Most parsers handle several steps in this process. As mentioned in Section 9.4.3, there is actually a parser that does it all (Sun Microsystem’s multi-schema validator with Schematron add-on). However, in other cases, it may be necessary to run a document through several parsers and passes, and combine the output from these passes.

9.6 A FRAMEWORK FOR SCHEMA LANGUAGES

The multitude of schema languages indicates that there is not a single schema language fit for all purposes. XML Schema is best suited where XML is used in connection with databases and application-to-application messaging, such as electronic business and the integration of heterogeneous data formats. The traditional SGML community would probably like to stay with DTDs, enhanced by namespace support, or might migrate to Relax NG. In areas where documents need to be checked for complex structural constraints and for semantic constraints, Schematron shines.

A current standardization effort at ISO/IEC tries to combine the concepts of all of these schema languages into a modular framework. The Document Schema Definition Language (DSDL) [Holman2001] is “a multipart International Standard defining a modular set of specifications for describing the document structures, data types, and data relationships in structured information resources.”
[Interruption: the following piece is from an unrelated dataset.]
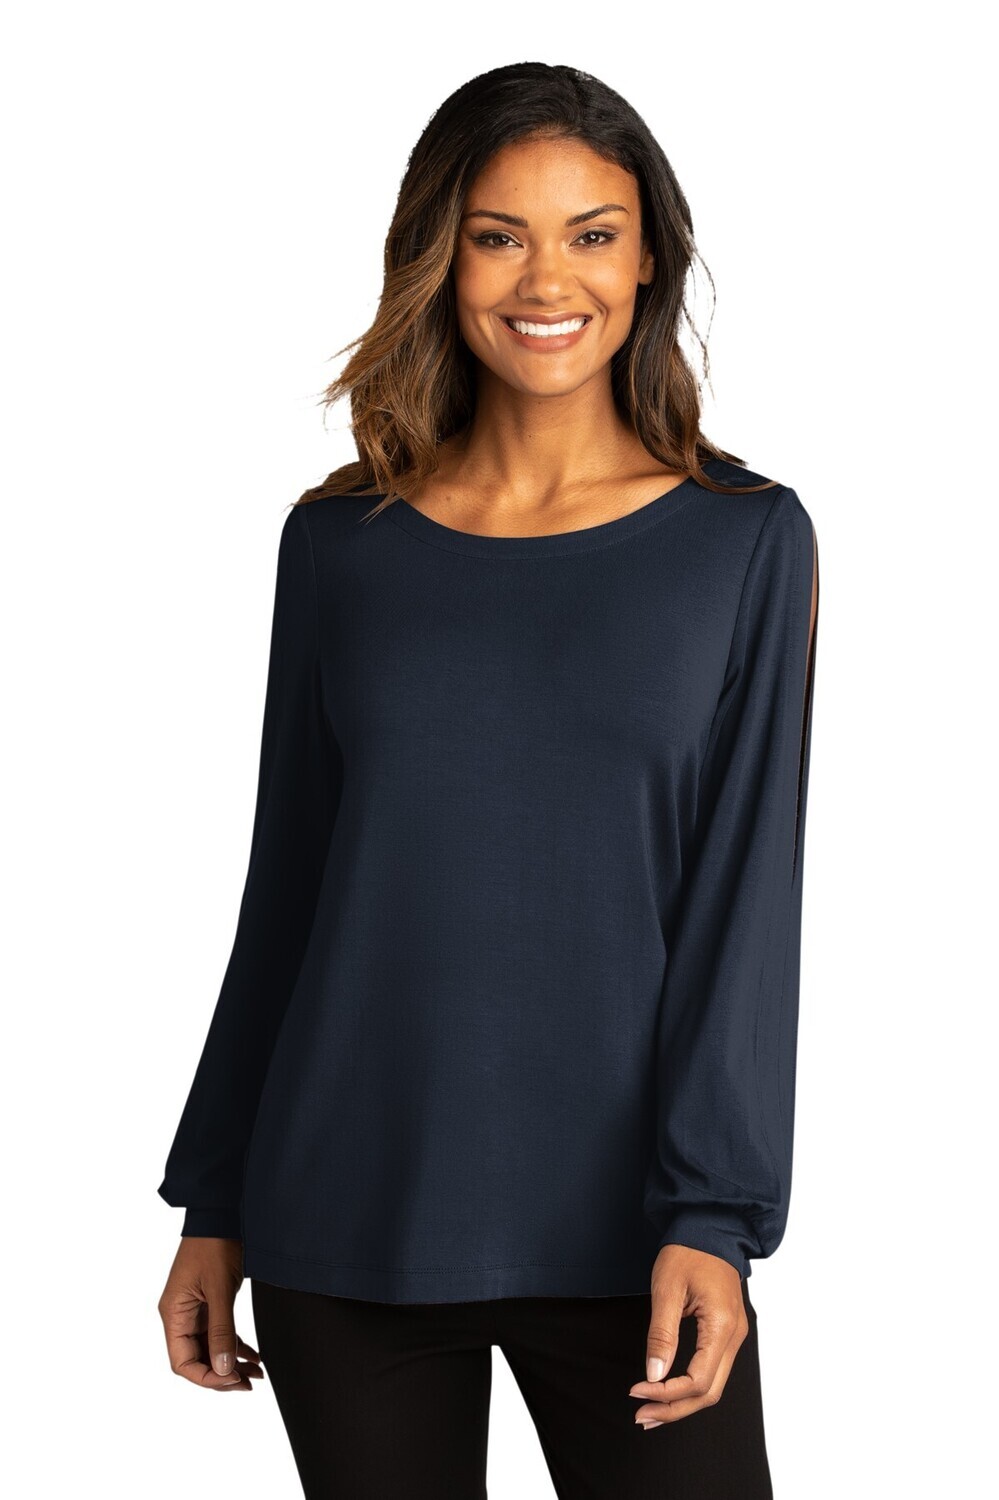 PORT AUTHORITY LADIES LUXE KNIT TOP (LK5600) RIVER NAVY BLUE - XS

DSDL identifies six regions relevant to schema definitions:

image Grammar-oriented schema languages, naming Relax NG as an example.

image Primitive data type semantics, naming Part Two (data types) of the XML Schema Recommendation as an initial basis.

image Path-based integrity constraints, with Schematron as an initial basis.

image Object-oriented schema languages. This part is initially based on Part One (structure) of the XML Schema Recommendation and the sections of Part Two of W3C XML Schema describing the derivation of new simple types and the syntax for referring to primitive data types.

image Information item manipulation such as default values (as in DTDs), synonyms, and the eliding of information items.

image Namespace-aware processing with DTD syntax, basically covering the XML V1.0 specification plus XML namespaces.

Such a framework could help to gain a clearer understanding of the various schema languages and how they relate to each other. It could do the same for schema validation as the ISO layer model has done for communication.